The idea that Facebook is bigger than Exxon was back in 2010 (even with the
rate of inflation), when electric cars were still a wet dream, crazy. Even
more, the amount of "usefulness" as well. I'm not arguing that we should keep
oil as a fuel source, but you have to admit, right now, if a big player (like
Exxon) in the field just vanished, it would have a painful impact. At least
fuel supply would be a bit crazy for a while until the competitors can ramp up
to meet demand depending on reserve supplies being used. If Facebook just
suddenly disappeared... meh. I mean, second and third order consequences...
meh. Small business ads would need a new place, but that's not crazy bad. More
inconvenience. Advertising companies would need a new supplier, but no really
likes them anyways. Well, a lot of job openings, that's a problem. But I'm
thinking beyond that, because no matter what the industry, a large player just
folding suddenly causes a significant job shortage. That's a common
denominator. But a hampering access to fuel supply vs. a social media wall for
the general publish... one is more important than the other. At the very
least, the other Faang companies have... useful significance?
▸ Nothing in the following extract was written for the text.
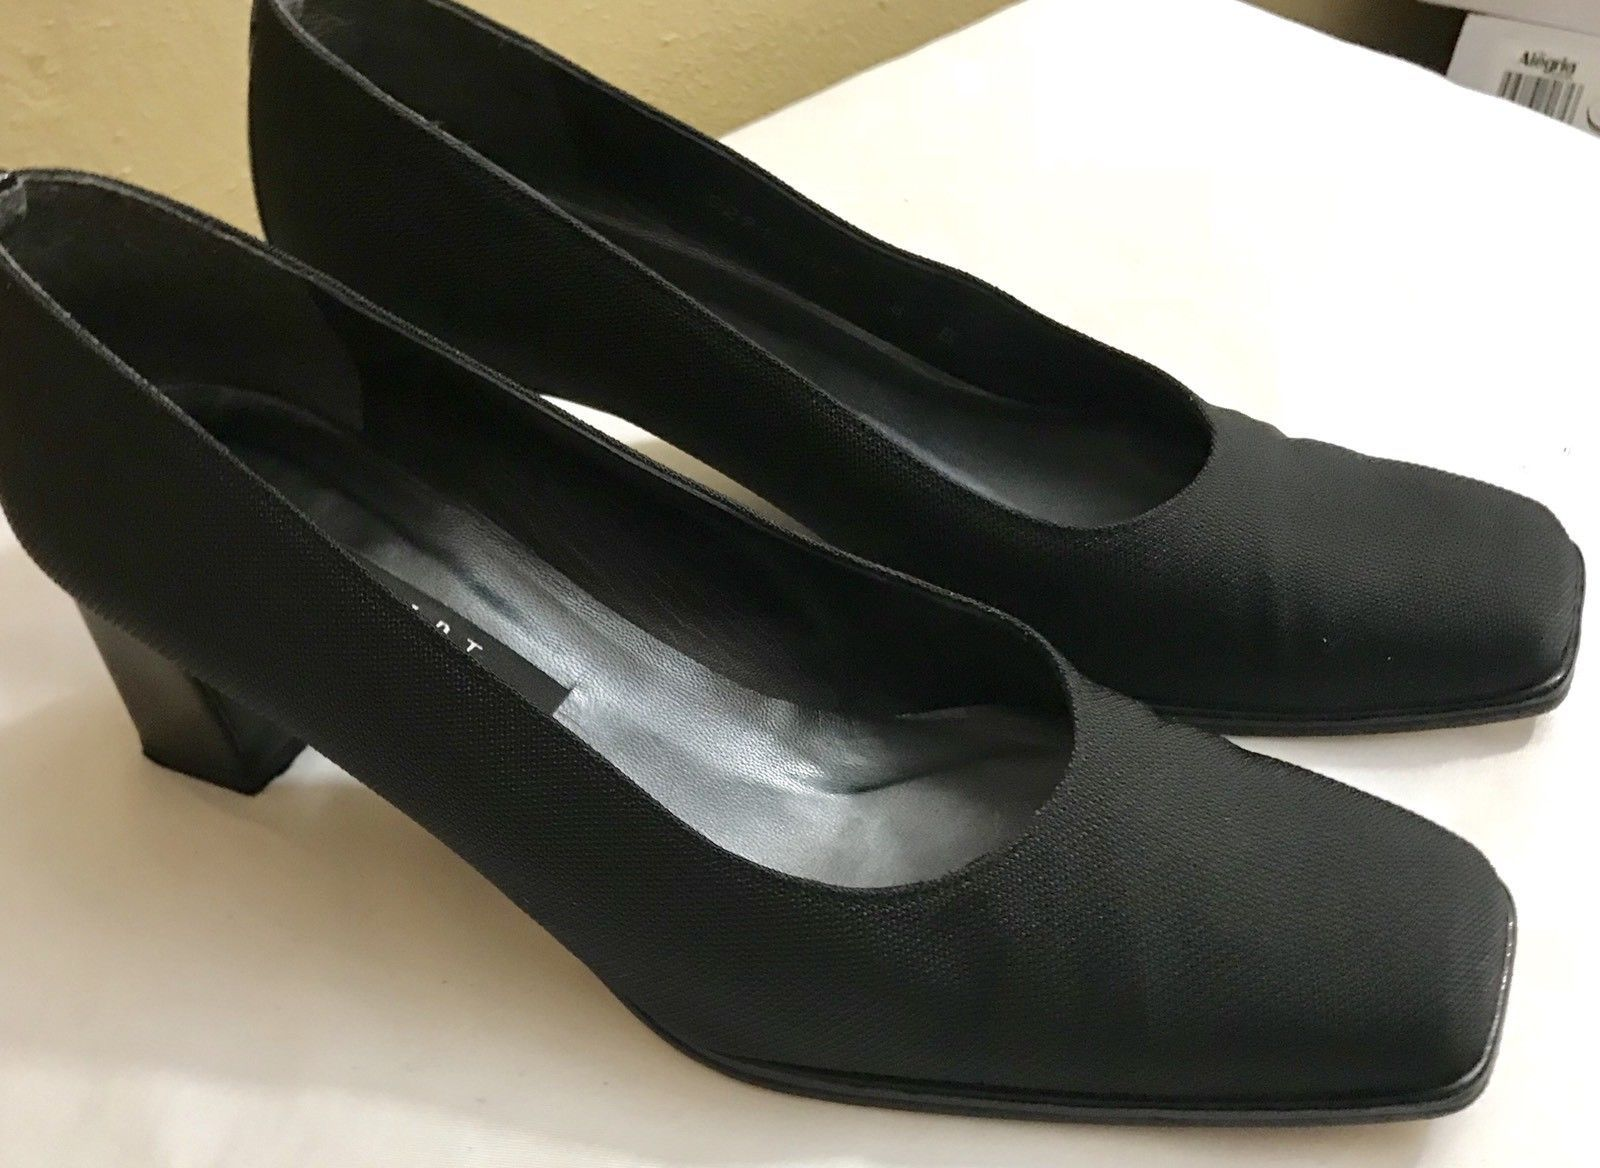 d3f148c39c46 S l1600. S l1600. Previous. Stuart Weitzman Square Toe Fabric Patent Leather  Women s Heels Size 8 Medium

Edit: I'm aware of the limits to market cap. There's no perfect way of
figuring out the size of a company. My point, there's a large level of
monetary value in these companies and a difference in how they are significant
in daily livelihood for the everyday person. It's just interesting how large
Facebook is by a metric but how incredibly useless it is compared to another
company using the same metric. It's the same how theres an interesting
difference between the market cap of Tesla and Ford. Tesla is larger but they
make a fraction of the amount of sellable goods. It's one thing to know this,
but to see significant numbers, that makes it more interesting.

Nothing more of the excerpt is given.